**Available data**

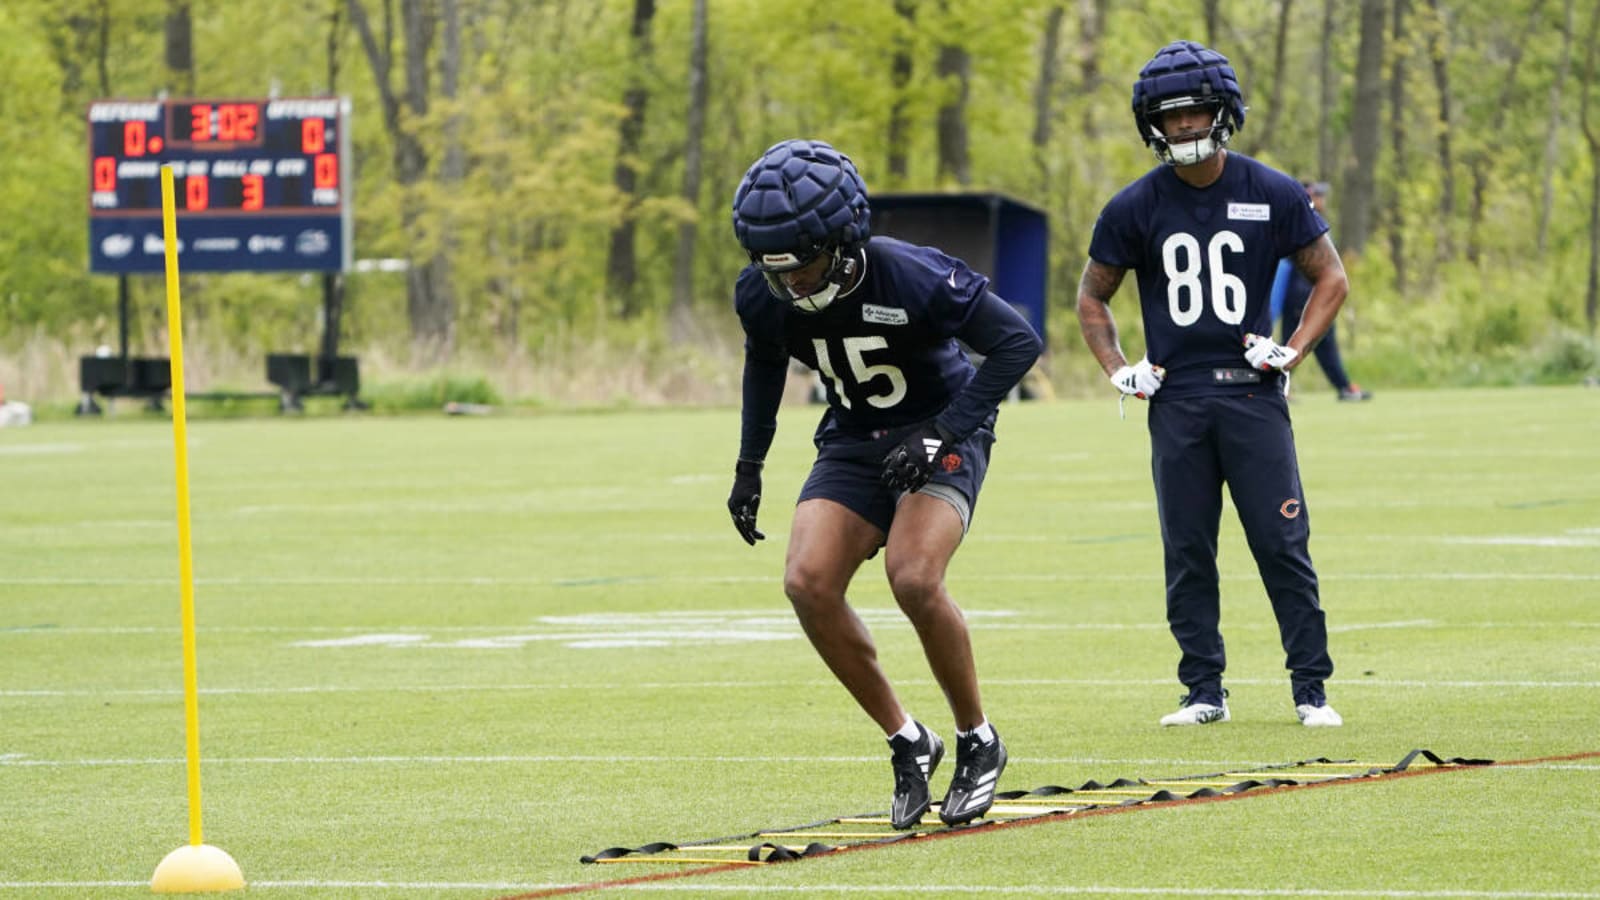 Chicago Bears already suffer a minor blow with first round wide receiver before Day 2 of rookie minicamp
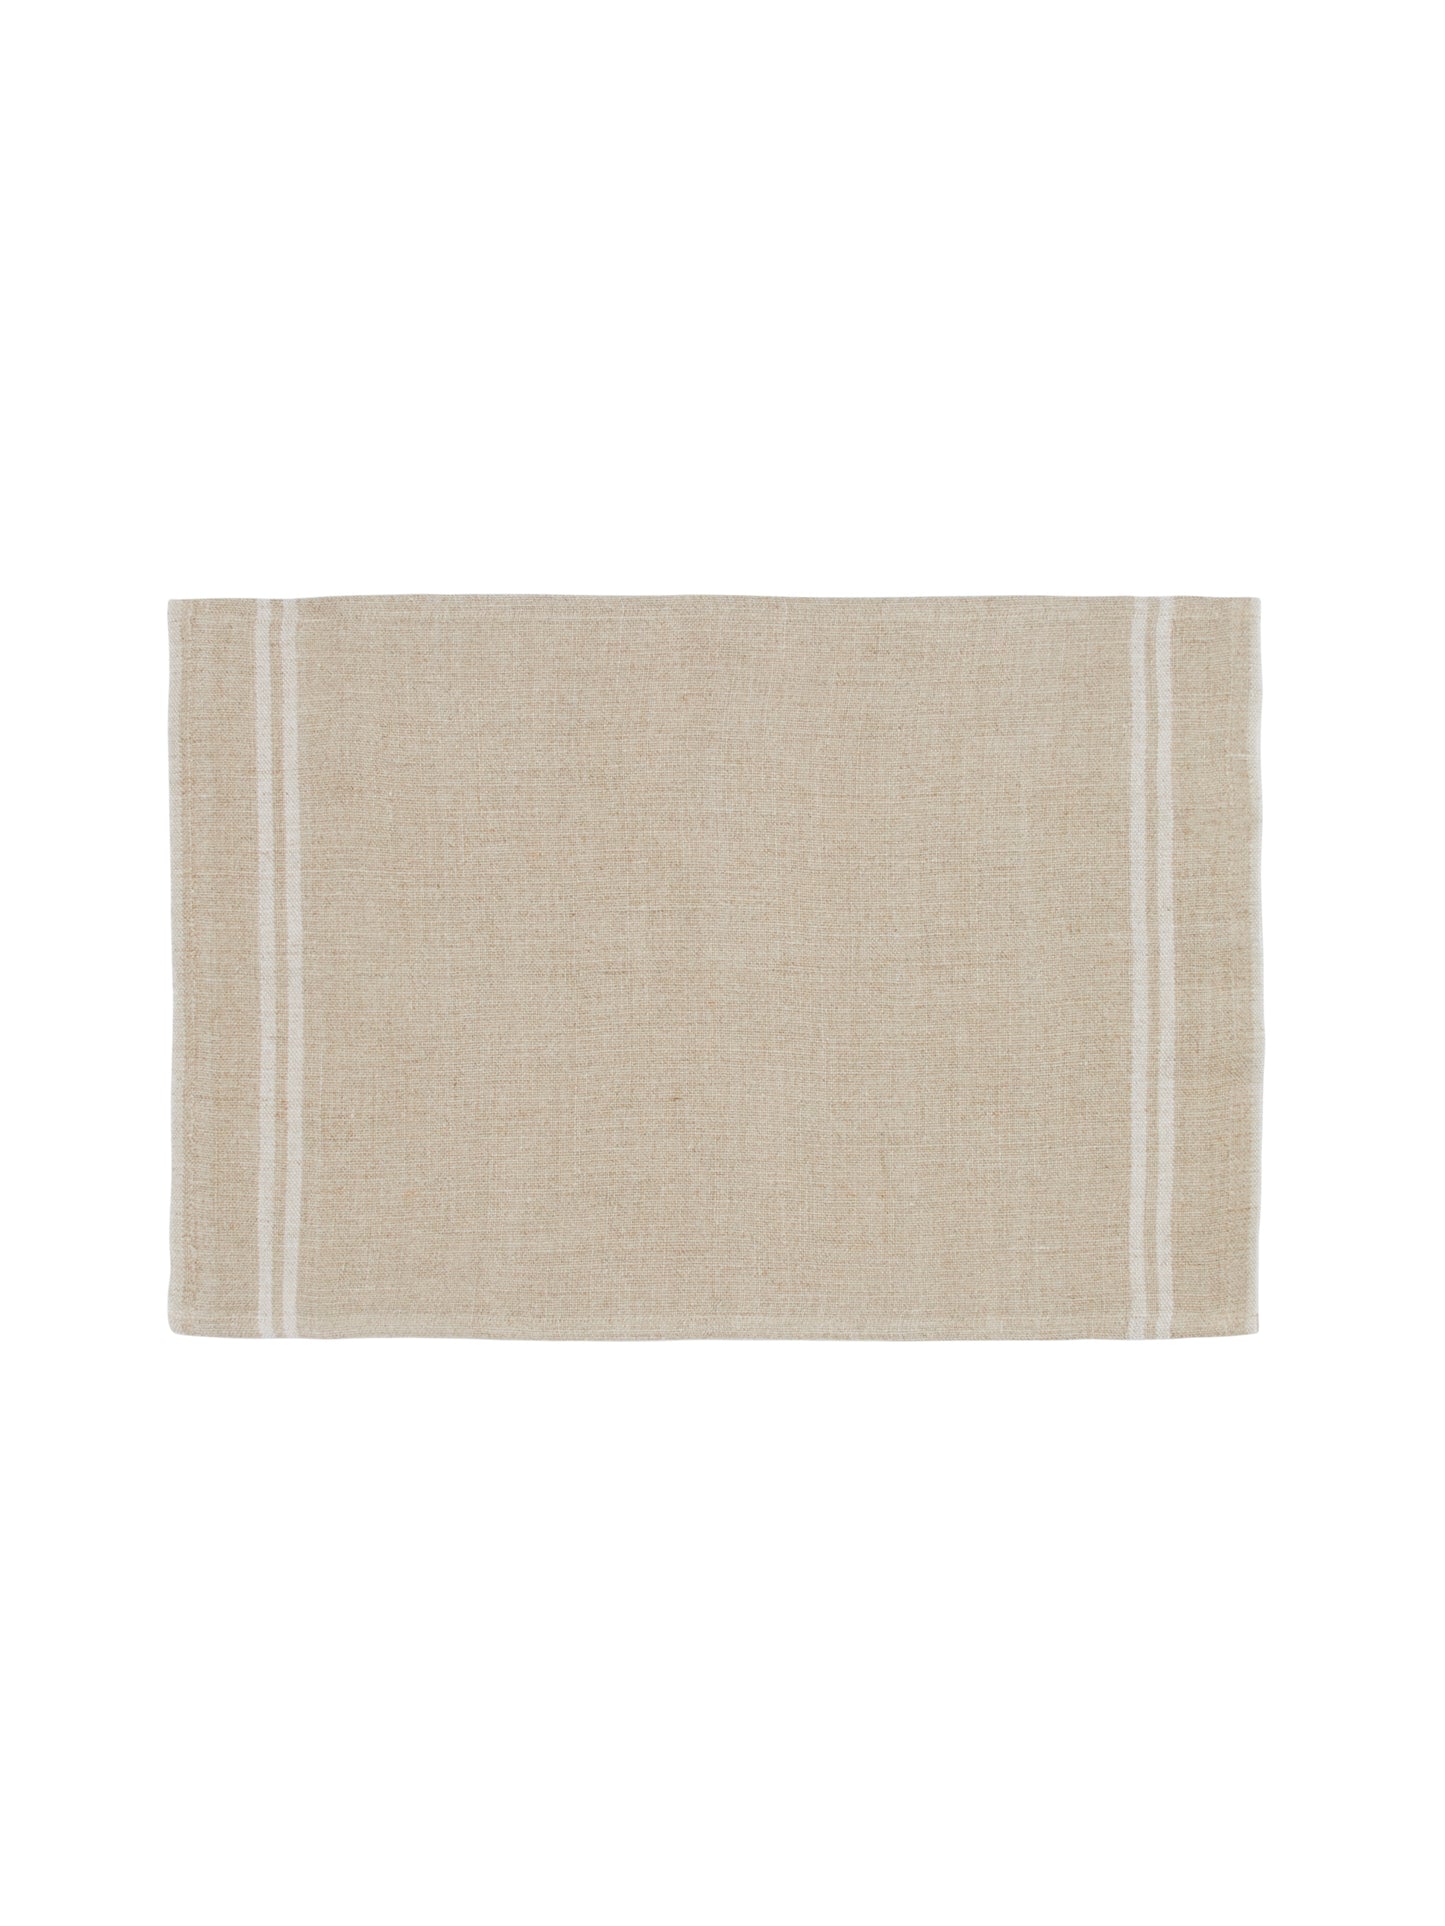 Charvet Editions Country Linen Collection White Placemats Weston Table
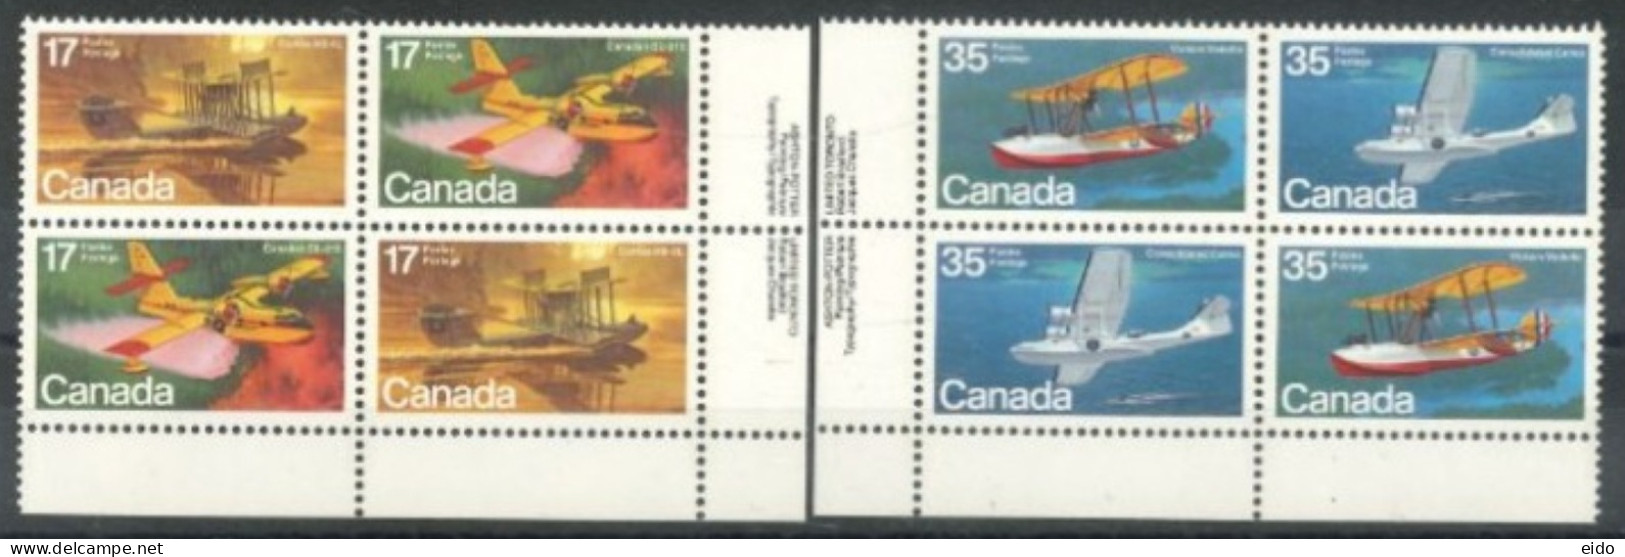 CANADA - 1979, CANADIAN AIRCRAFT (FIRST SERIES), FLYING BOATS STAMPS COMPLETE SET OF 4, 2 OF EACH, UMM (**). - Nuevos

**Aim of the task**
In full and without change, repeat the material above, minus the pictures.

**Written answer**
 Chicago Bears already suffer a minor blow with first round wide receiver before Day 2 of rookie minicamp
 Charvet Editions Country Linen Collection White Placemats Weston Table
 CANADA - 1979, CANADIAN AIRCRAFT (FIRST SERIES), FLYING BOATS STAMPS COMPLETE SET OF 4, 2 OF EACH, UMM (**). - Nuevos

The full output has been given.